- **Records for the exercise**:
↓↓↓

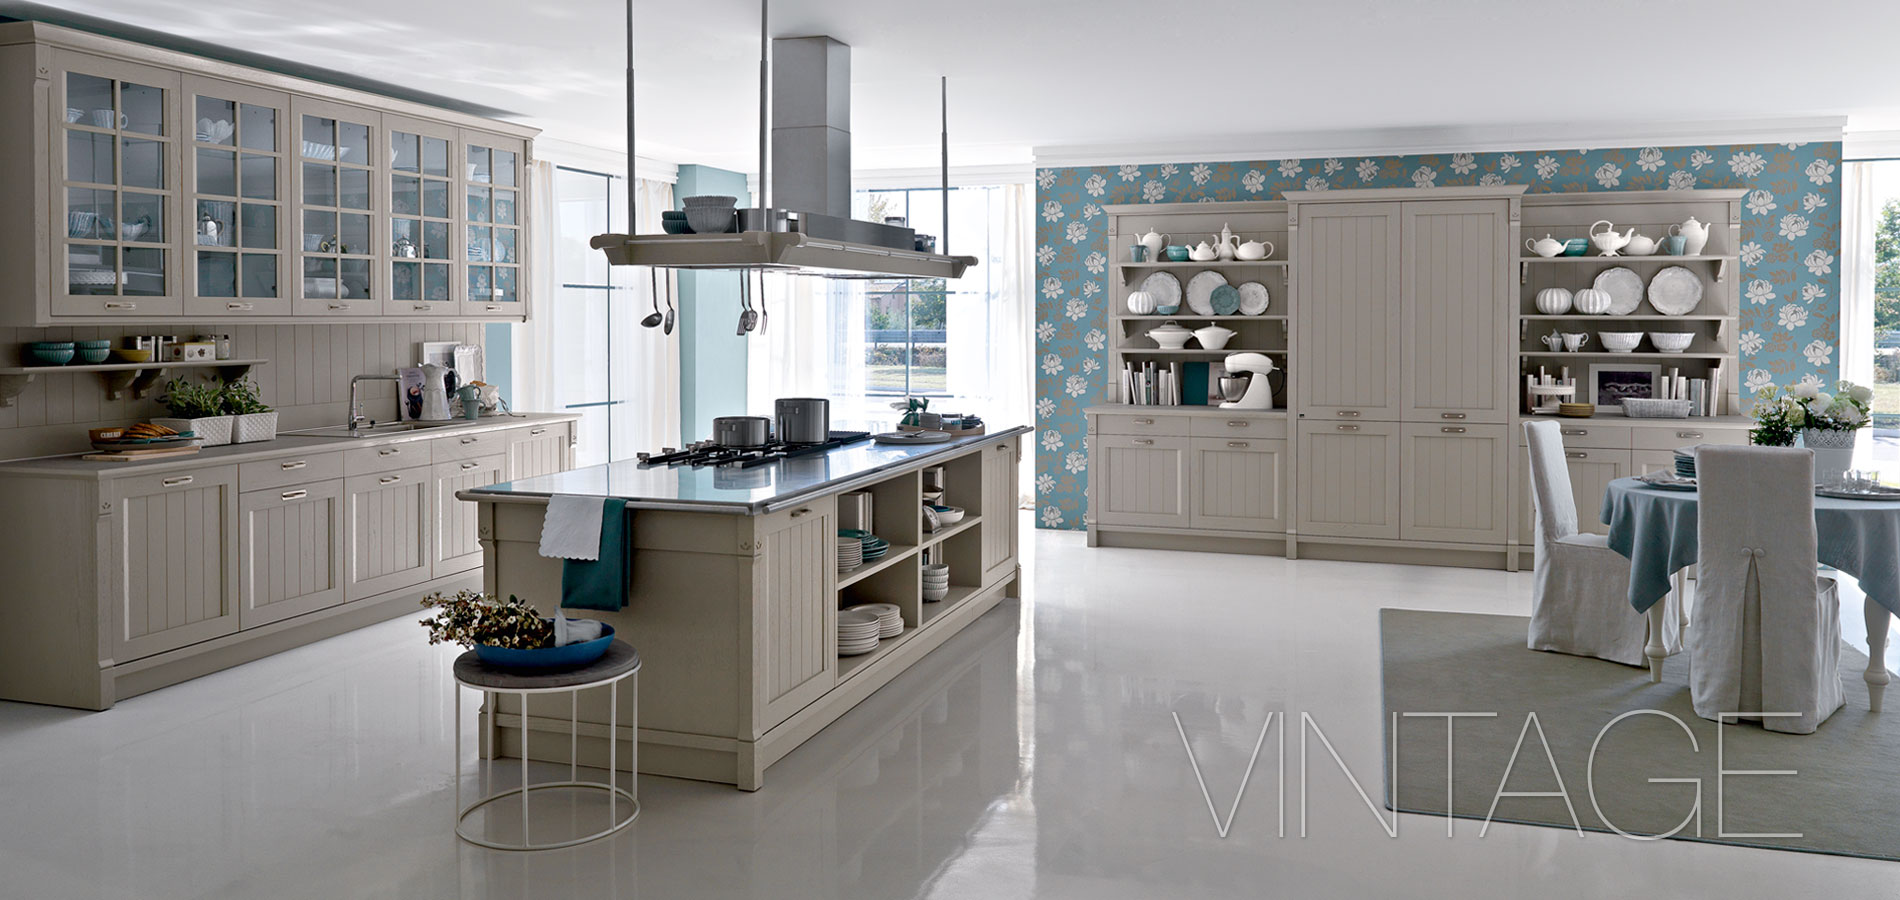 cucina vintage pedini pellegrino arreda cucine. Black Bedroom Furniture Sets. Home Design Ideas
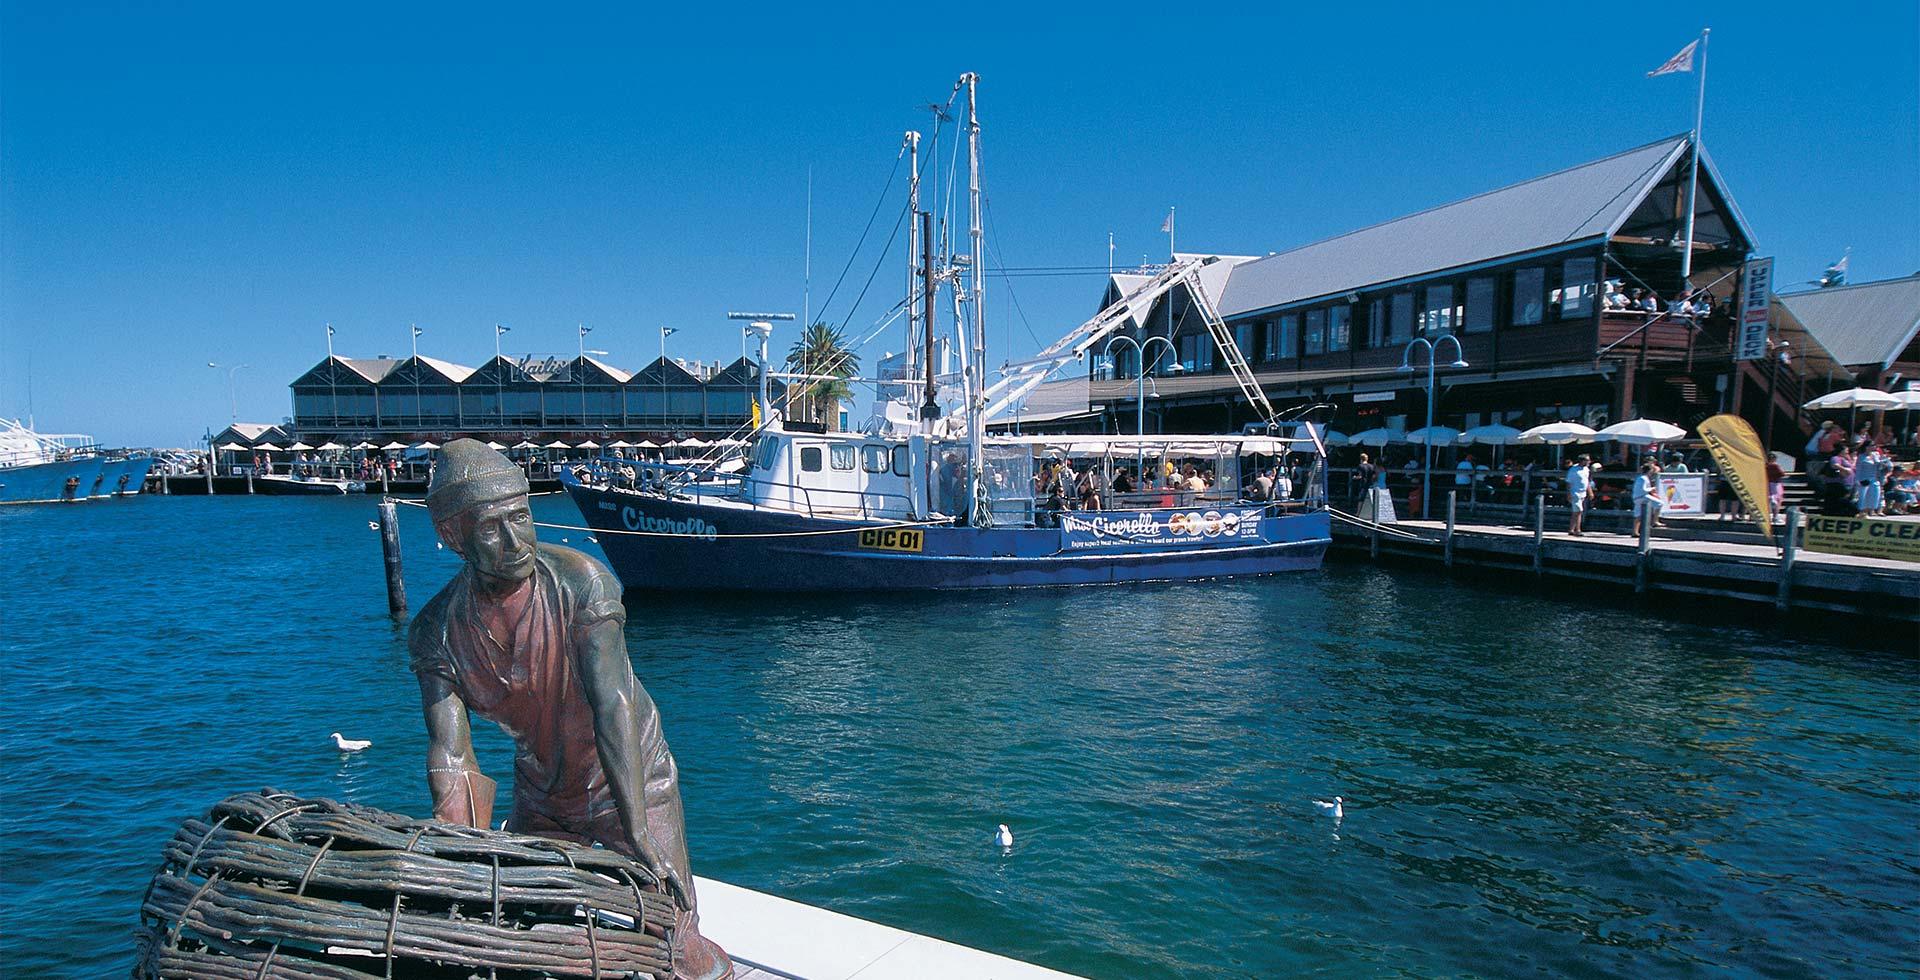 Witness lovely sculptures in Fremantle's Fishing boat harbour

↑↑↑
↓↓↓

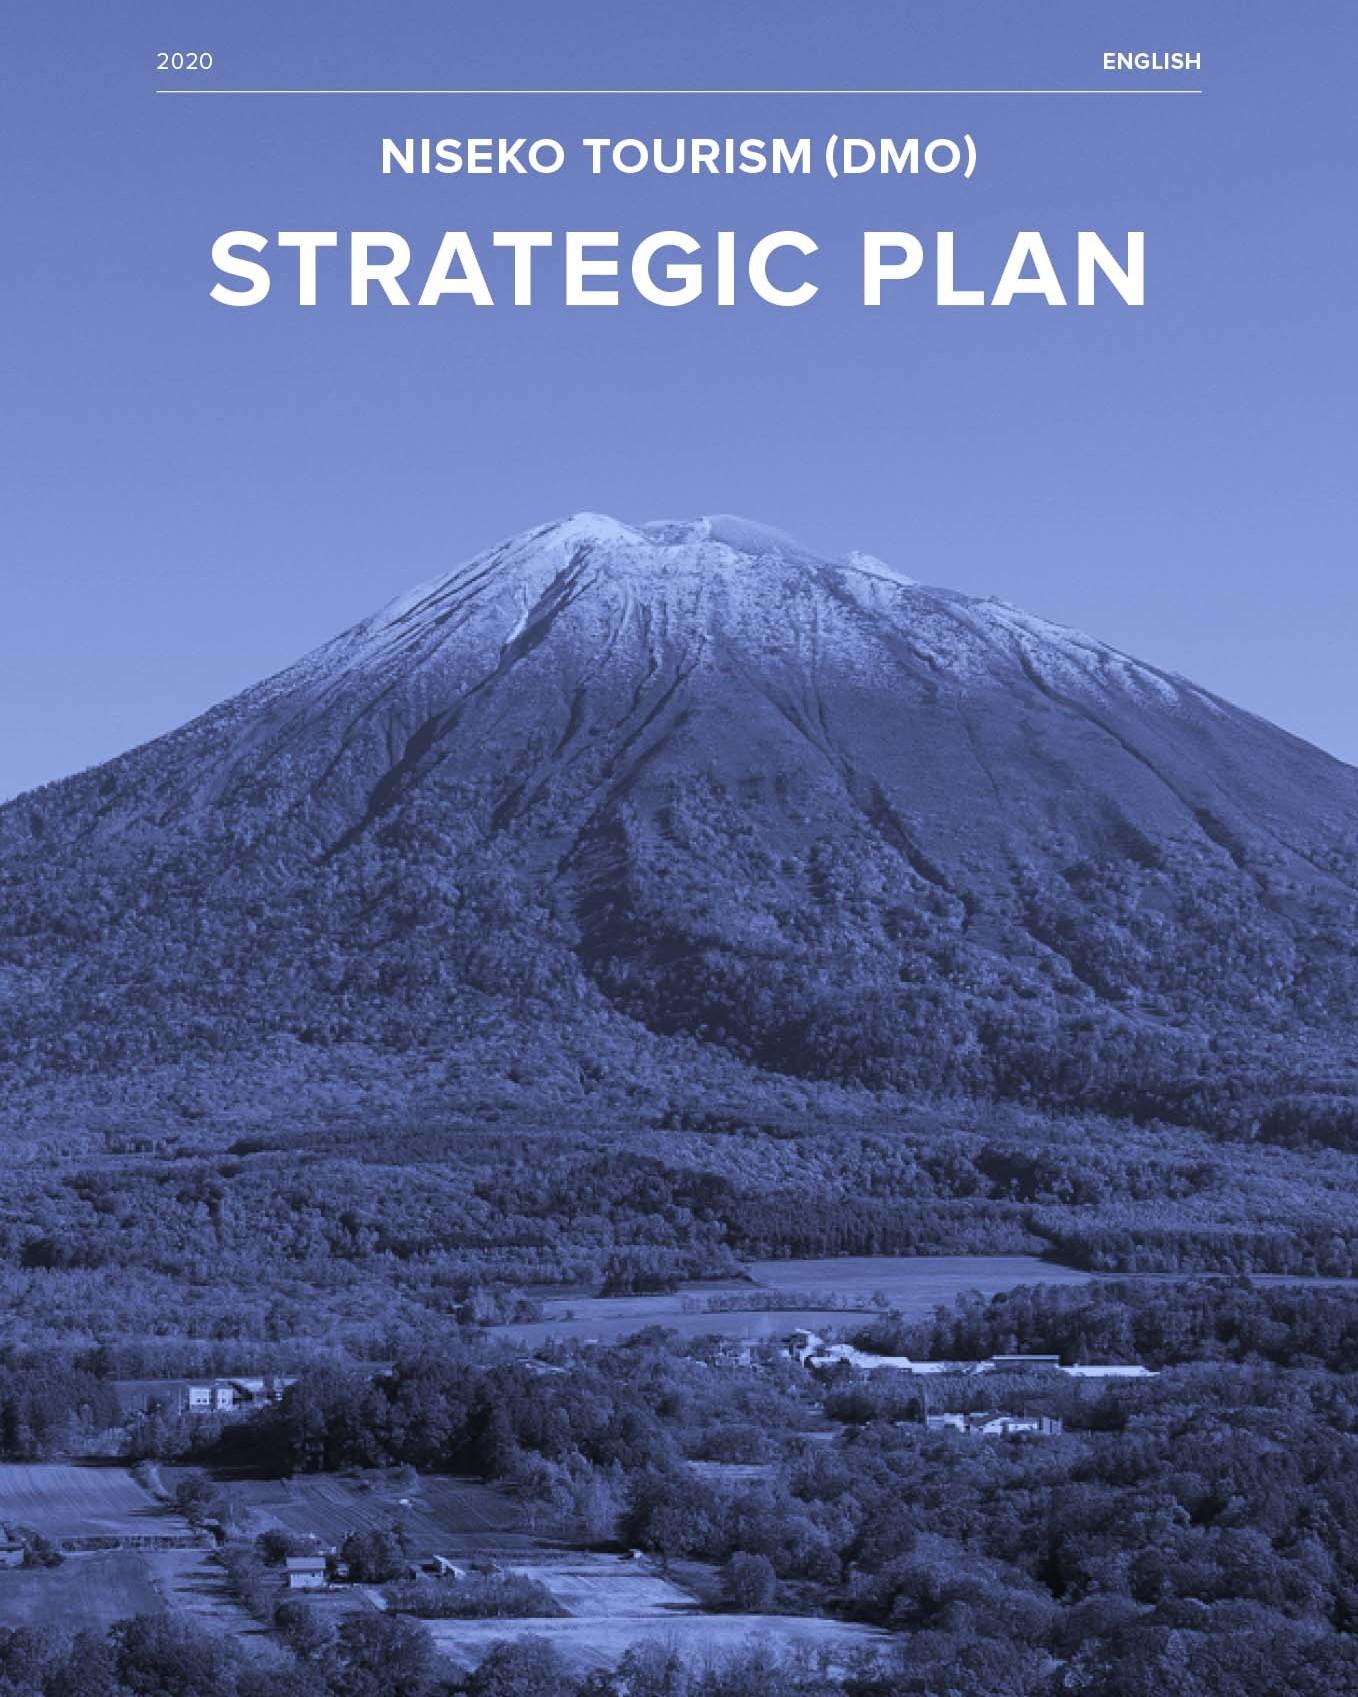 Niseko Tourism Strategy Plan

↑↑↑

- **Goal of the exercise**:
Only one stretch of the listing is wanted: the lines starting at the one with "cucina vintage pedini" and ending at the one with "Witness lovely sculptures", copied exactly and free of pictures.

- **Your response**:
 cucina vintage pedini pellegrino arreda cucine. Black Bedroom Furniture Sets. Home Design Ideas
 Witness lovely sculptures in Fremantle's Fishing boat harbour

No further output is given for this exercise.